Audio decoder 116 may provide audio waveform 126 to neural network 118. Neural network 118 may be, for example, a convolutional neural network that can take as, input audio waveform 126 and predict as output, an enhanced audio waveform 128, where enhanced audio waveform 128 is an enhanced version of audio waveform 126. For purposes of illustration only, an enlarged view 132 of region 130 is shown. Region 130 includes audio decoder 116, neural network 118, and audio output component 120.
Generally, neural network 118 can perform enhancements in addition to existing frequency based enhancement. Neural network 118 can include an encoder 122 and a decoder 124. Neural network 118 can be trained to compensate for a compression loss factor of an audio encoder that compressed the audio data frame. For example, neural network 118 can be trained to compensate for a compression loss factor of audio encoder 105 (and/or audio decoder 116) that generated (and/or decompressed) compressed audio data frame 110. For example, where the compensation loss factor includes one or more characteristics of speech that are modified during compression, neural network 118 can be trained to compensate for such one or more characteristics of speech. Also, for example, where the compensation loss factor includes signal noise that may be introduced during compression, neural network 118 can be trained to compensate for such signal noise to generate clean audio where an amount of the signal noise has been reduced and/or eliminated.

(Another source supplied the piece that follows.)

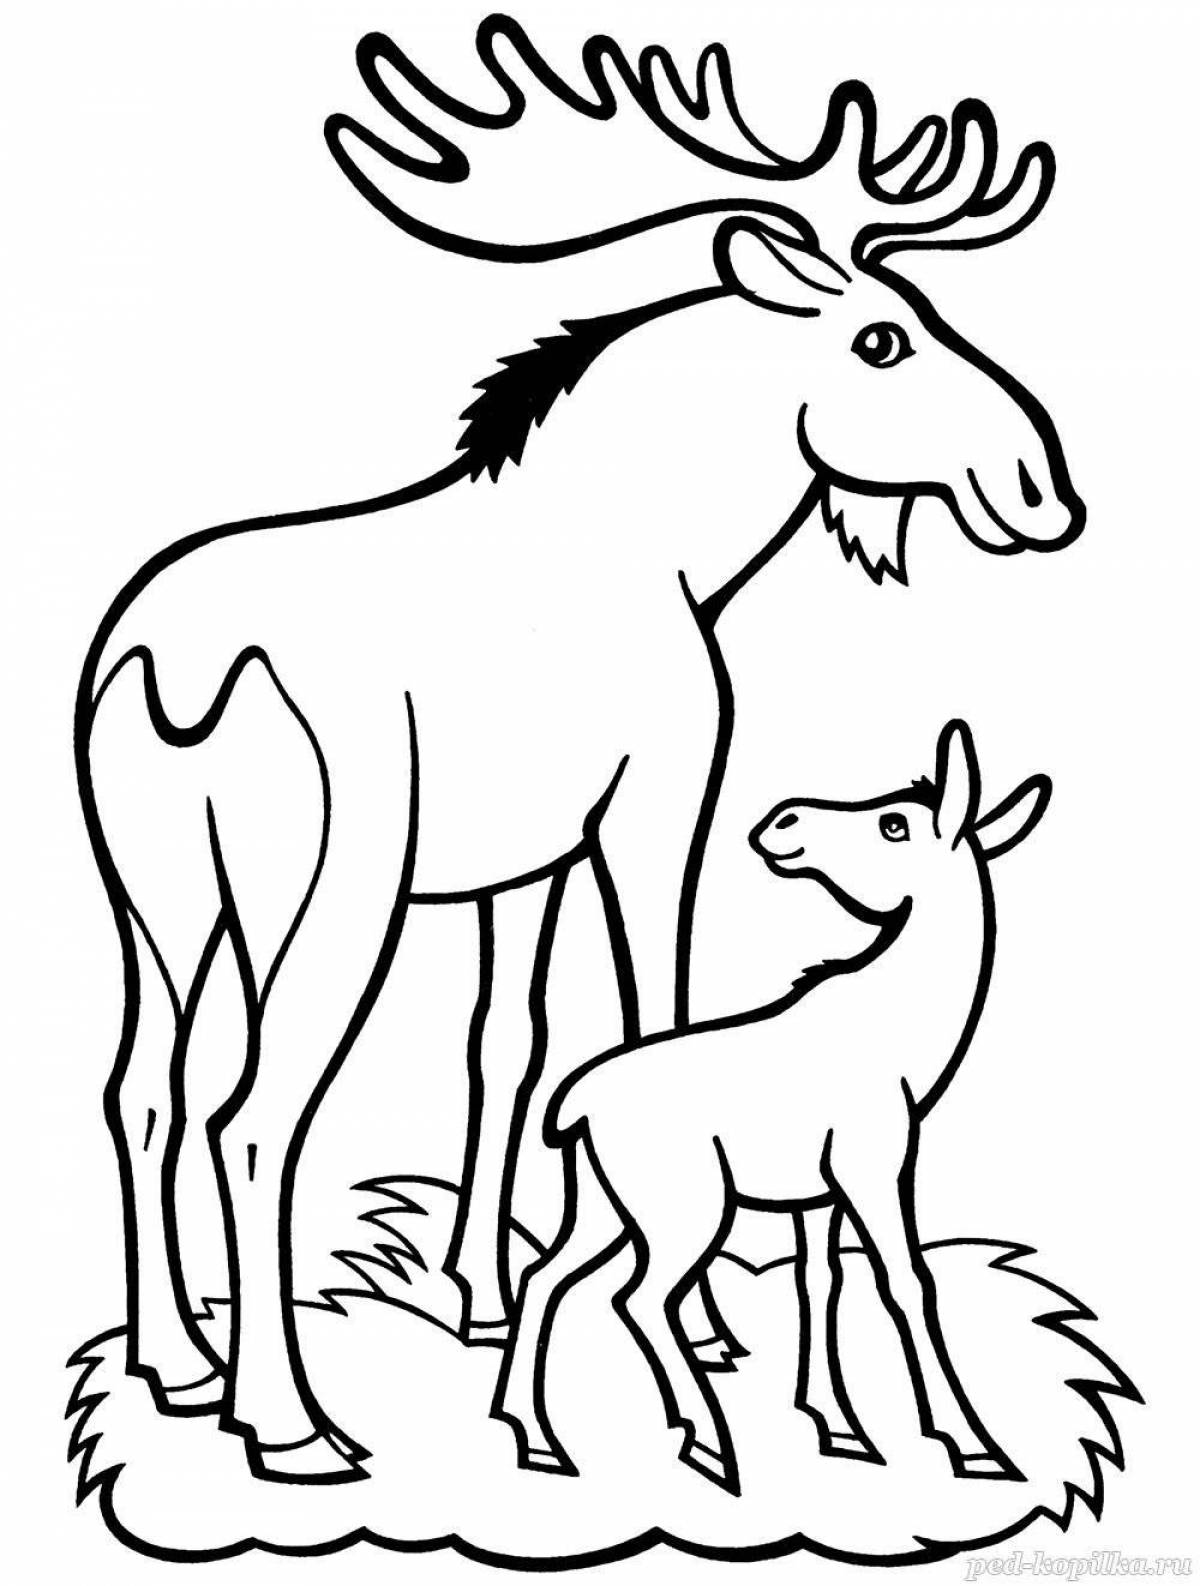 Sparkling elk coloring book for kids

In some embodiments, where the compensation loss factor is one or more frequency ranges that are dropped during compression, neural network 118 can be trained to compensate for such one or more frequency ranges. In some embodiments, the compression loss factor of audio encoder 105 may include a reduction in a frequency bandwidth, and neural network 118 can be trained to compensate for such reduction in the frequency bandwidth. Also, for example, the compression loss factor of audio encoder 105 may include a change to a quantization of a frequency spectrum, and neural network 118 can be trained to correct the quantization of the frequency spectrum. As another example, the compression loss factor of audio encoder 105 may include an adjustment to one or more frequency bands, and neural network 118 can be trained to re-adjust the one or more frequency bands. In some embodiments, the audio waveform may include content in a given frequency range, and neural network 118 can be trained to enhance specific content in the given frequency range. For example, audio content in lower frequencies (e.g., sub-bass or bass) may be enhanced. As another example, vowel sounds in the English alphabet generally correspond to lower frequency bands (e.g., 250 Hz and 500 Hz bands), and consonant sounds in the English alphabet generally correspond to higher frequency bands (e.g. 2 kHz and 4 kHz bands), and audio content in one or more of these bands can be enhanced. For example, when the audio waveform includes one or more frequency bandwidths, the enhanced version of the audio waveform may include enhanced audio content in at least one frequency bandwidth of the one or more frequency bandwidths Such enhancements may also be applied for non-speech (e.g. music content) as well. Accordingly, audio content in these bands can be enhanced.
A typical frequency range for a human voice conversation is 300 Hz-10000 Hz. Accordingly, in some communication protocols, frequency content below 300 Hz (e.g., frequency content in the range 1-00 Hz-300 Hz), and/or above 3400 Hz may be deemed to be not important, and such content may not be included in compressed audio data frame 110. Accordingly, the compression loss factor of audio encoder 105 may include a loss of such frequency content, and neural network 118 can be trained to compensate for such loss in the frequency content. In some embodiments, the audio waveform may include audio at a first frequency bandwidth, and the enhanced version of the audio waveform may include a second frequency bandwidth different from the first frequency bandwidth. For example, the enhanced version of the audio waveform may include a second frequency bandwidth greater than the first frequency bandwidth.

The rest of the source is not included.